Do you get enough iodine from your iodized salt? Does your iodized salt contain any iodine at all?
We have an iodine crisis in good part because of the iodized salt scam. The outdated government recommendation (RDA) states that an adequate amount of iodine can be consumed from less than the 250 mcg supposedly contained in a half teaspoon of iodized salt.
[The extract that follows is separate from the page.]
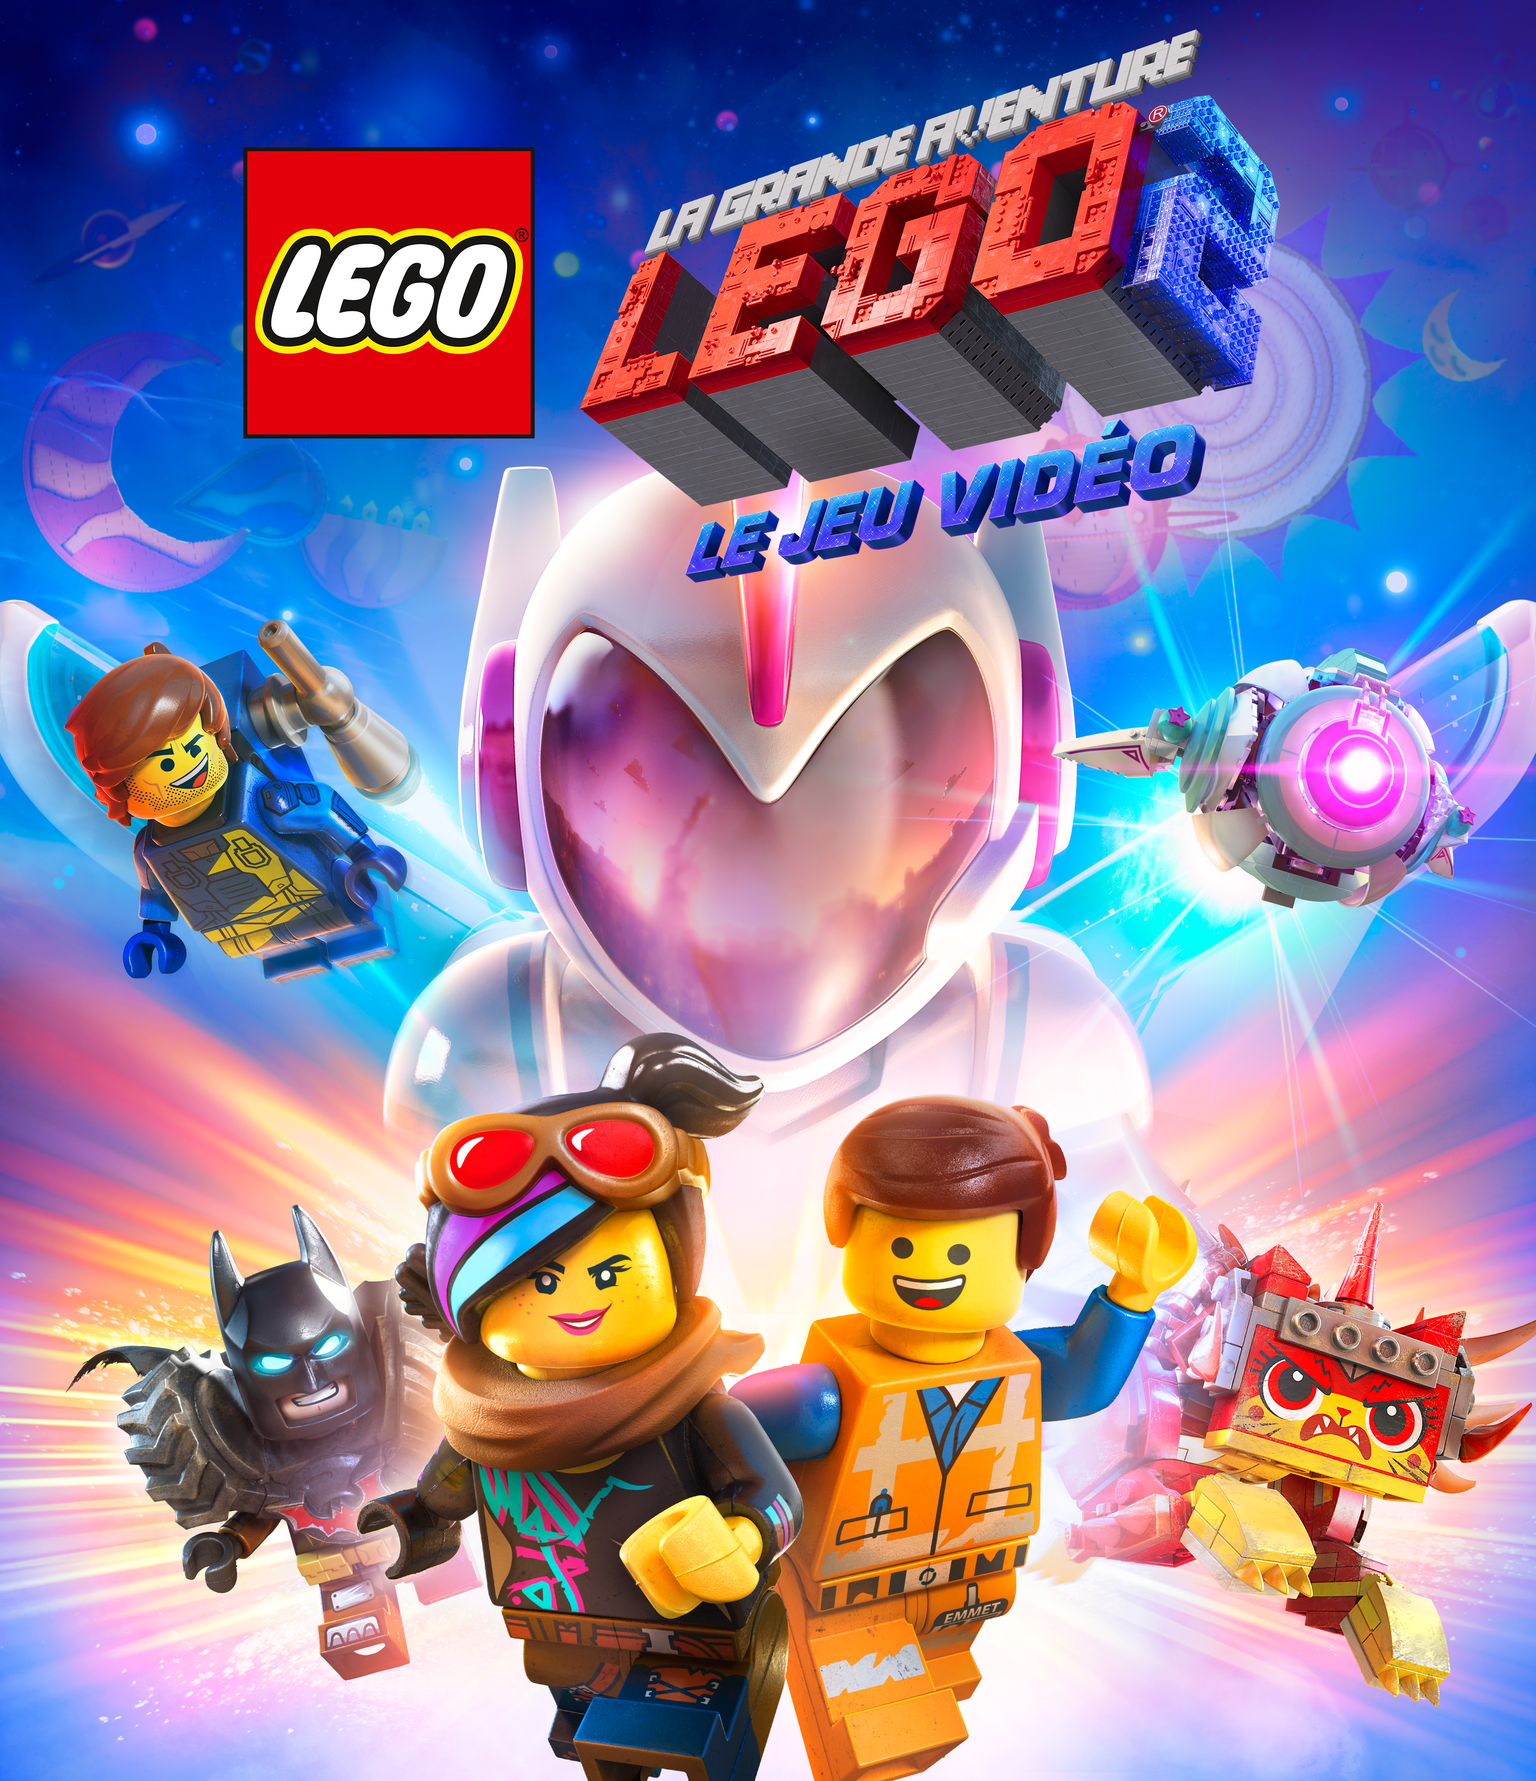 jaquette du jeu vidéo La Grande Aventure LEGO 2 : Le Jeu Vidéo

But they never factored in current bromide pollution purges iodine.
They never factored in that iodine “evaporates” from salt containers. Or that the form of iodine in salt doesn’t absorb well. The myth that you can get enough iodine from iodized salt has now been debunked by scientists.
So, how much iodine do you absorb from iodized salt?
No one really knows, because misleading information has created a three-part information scam. Whistle-blowers must challenge the current government iodine guidelines because they’re based on inaccurate information and disproved assumptions that are harmful. The report, Iodine Nutrition: Iodine Content of US Salt by Dasgupta et al, discusses the “Iodine Gap.”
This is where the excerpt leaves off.